A long, long time ago, humans discovered that they could not live without sunlight, so we evolved the eye, and in the eye, we had a cone cell called L.

What's the use of this L cell? The cell senses the presence of light and is most sensitive to the highest concentrations of sunlight at wavelengths around 560 nanometers.

With this tool, awesome, as long as the human head, you know, hey ~, this side of the sun, go that way! We can also "see" objects, as long as the light coming from them is within the range of what the L cell senses.

At this point, we find that the eye gives us three different senses, no sense of light at all, a sense of being stimulated evenly by various wavelengths, and a sense of being somewhere in between.

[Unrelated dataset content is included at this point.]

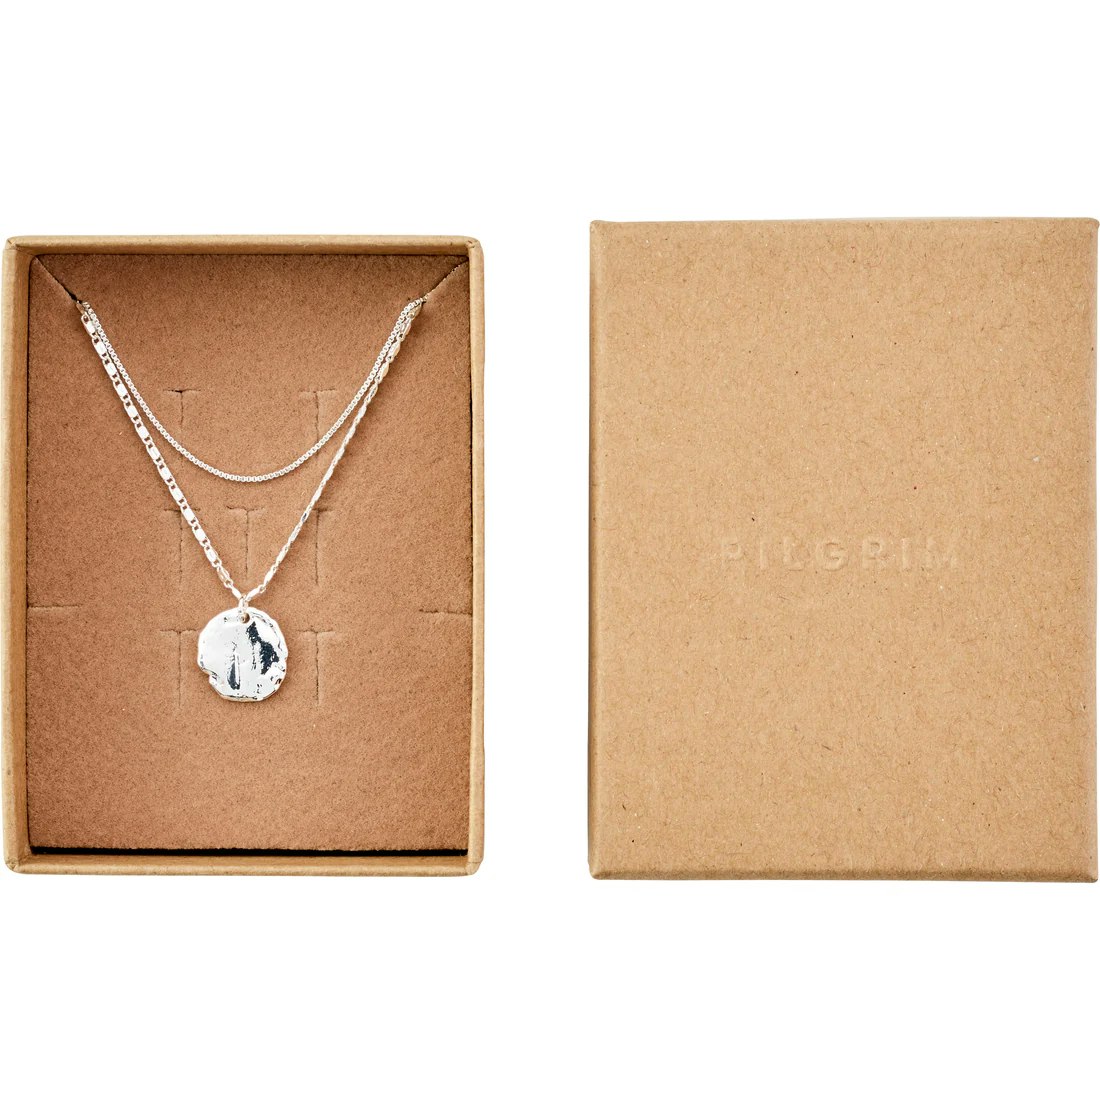 MSF Recycled Coin Necklace 2-in-1 set Silver Pilgrim

We call the first sensation black, the second white, and the third gray.

Why do we humans find black scary? Just because the idea of black comes from the absence of light, no light, no energy, no energy, we're screwed,

But because we only have one L cell, we can't really tell the wavelength of light apart, in other words, it's not enough information, so a lot of things look the same, like this.

This is not good, ah, a lot of food is also indistinguishable. And to the length of the light is very insensitive, the sea, the blue sky, can not see, black, accidentally fell in the ditch, eat the wrong thing to eat diarrhea to pull to death, in short, the survival rate is not high.

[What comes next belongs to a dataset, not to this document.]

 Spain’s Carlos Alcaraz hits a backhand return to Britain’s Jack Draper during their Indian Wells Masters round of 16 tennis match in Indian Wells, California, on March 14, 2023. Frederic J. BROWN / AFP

At this point, some humans mutated and another type of cell, the S cell, appeared in the eye.This cell can sense light at shorter wavelengths, and is most sensitive to light at wavelengths around 420nm.

This is even more remarkable, because with two inputs, the short-wavelength light is clearly felt, and our brains are able to distinguish between the longer wavelengths and the shorter wavelengths, and the world feels something like this.

At this time, we humans, on the basis of black, white and gray, have developed a more advanced sense of "color", which can be used to distinguish the length of the wavelength of light. We call the feeling of sky and sea blue, and the feeling of apple and trees yellow.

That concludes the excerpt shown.